Because the shift to a new taxation system is sudden and jarring, many businesses across the country, especially those that toe the line between the organized and the unorganized sector, will find it hard to grasp the new process. Not all business owners will be good with technology. The fact that the entire system is digitized is definitely an advantage on many accounts. Still, we should keep in mind that literacy in technology in India is relatively low. Further aggravating the ignorance of the new Act is the fact that it was passed in the middle of a financial year.

The GST Network can be a bit tricky for the average citizen to maneuver, and even the small task of checking the GST registration status is a task for someone who does not know their way around computers.

2. Increase in Operational Costs

Businesses are known to employ professionals to manage their taxes. Because of the unfamiliarity of the new procedure, many companies will be forced to avail the services of tax professionals and outsource the calculation and handling of taxes. This will cause an increase in the budget spent for operations across all areas of business. Furthermore, many companies will have to spend a lot of money educating their employees on the new GST structure to ensure that each employee is compliant with the new taxation system.

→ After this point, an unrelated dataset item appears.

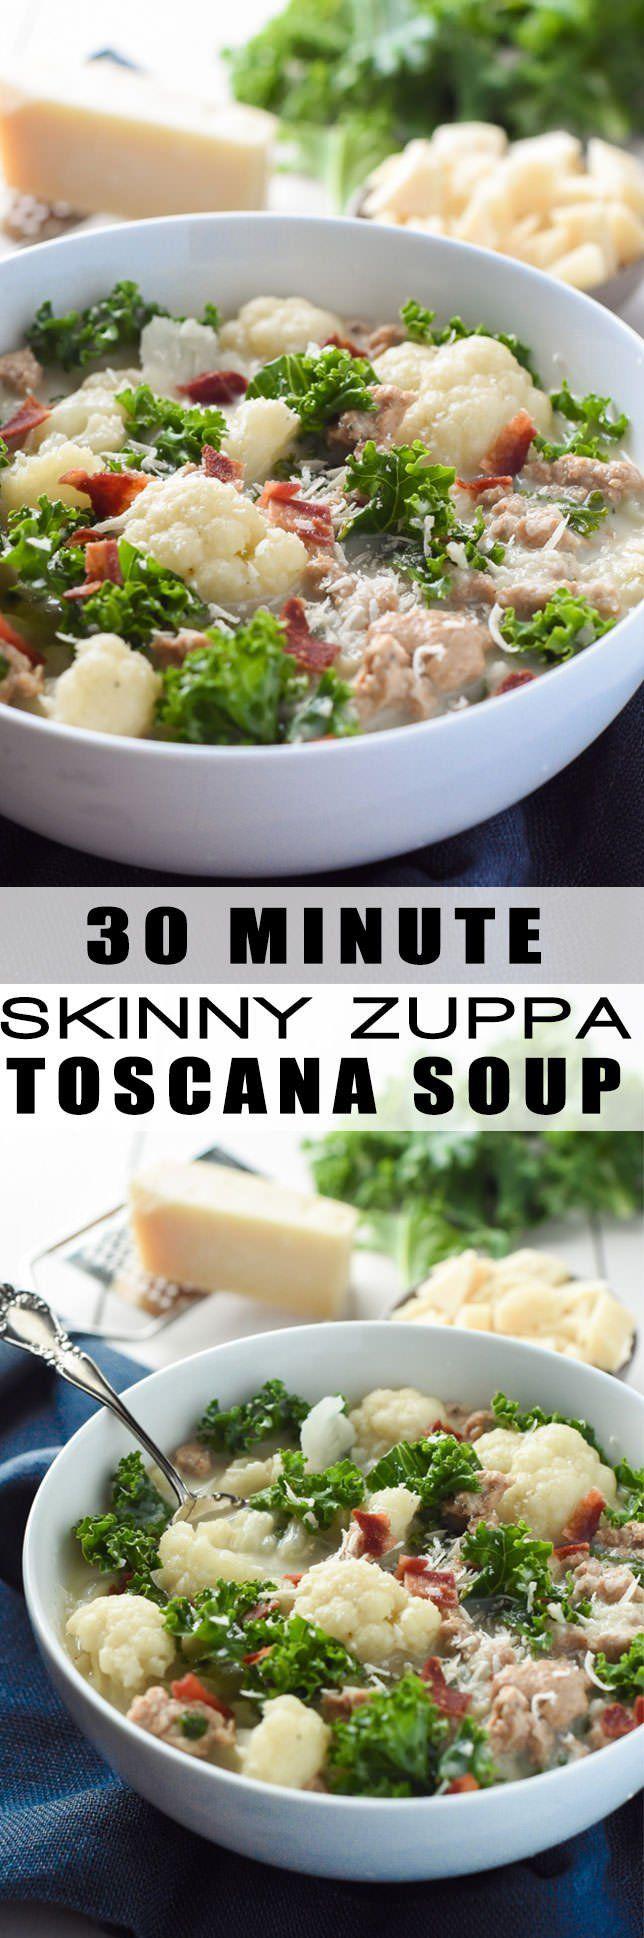 Healthy Zuppa Toscana Soup | Olive Garden, Cauliflower, Turkey Sausage, Kale, Recipe, Low Carb, Italian Soup, Paleo, Skinny, Stovetop, Light

3. Increased Costs for Software Upgradation

Businesses having software to calculate their taxes are now useless because of the change brought about by the CGST Act. Purchasing an entirely new software for this purpose and training their employees on how to use it will lead to further increase in expenditure for many firms. Several software developers have already come up with new software to calculate and manage GST, however, not many businesses have access to those.